A Semantic-Associated Factor Graph Model for LiDAR-Assisted Indoor Multipath Localization

In indoor environments where Global Navigation Satellite System (GNSS) signals are entirely blocked, wireless signals such as 5G and Ultra-Wideband (UWB) have become primary means for high-precision positioning. However, complex indoor structures lead to significant multipath effects, which severely constrain the improvement of positioning accuracy. Existing indoor positioning methods rarely link environmental semantic information (e.g., wall, column) to multipath error estimation, leading to inaccurate multipath correction—especially in complex scenes with multiple reflective objects. To address this issue, this paper proposes a LiDAR-assisted multipath estimation and positioning method.

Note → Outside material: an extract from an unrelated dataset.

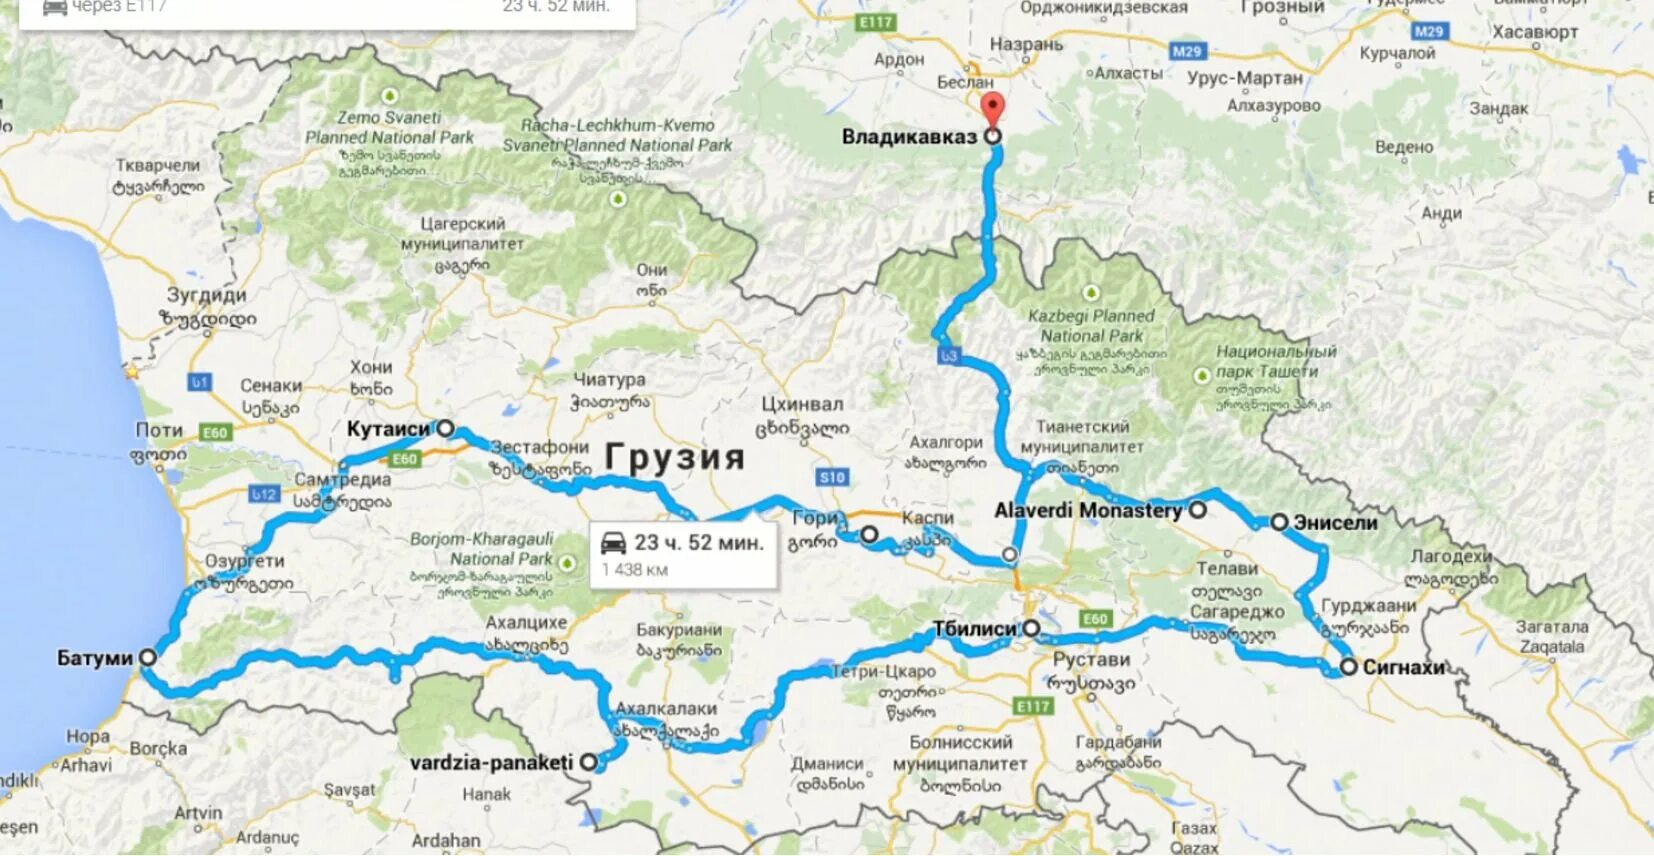 Сколько до батуми на машине. Грузия на карте. Карта автомобильных дорог Грузии. Дорога до Грузии на машине. Карта автодорог Грузии.

This method constructs a tightly coupled perception-positioning framework: first, a semantic-feature-based neural network for reflective surface detection is designed to accurately extract the geometric parameters of potential reflectors from LiDAR point clouds; subsequently, a unified factor graph model is established to multidimensionally associate and jointly infer terminal states, virtual anchor (VA) states, wireless signal measurements, and LiDAR-perceived reflector information, enabling dynamic discrimination and utilization of both line-of-sight (LOS) and non-line-of-sight (NLOS) paths. Experimental results demonstrate that the root mean square error (RMSE) of the proposed method is improved by 32.1% compared to traditional multipath compensation approaches. This research provides an effective solution for high-precision and robust positioning in complex indoor environments.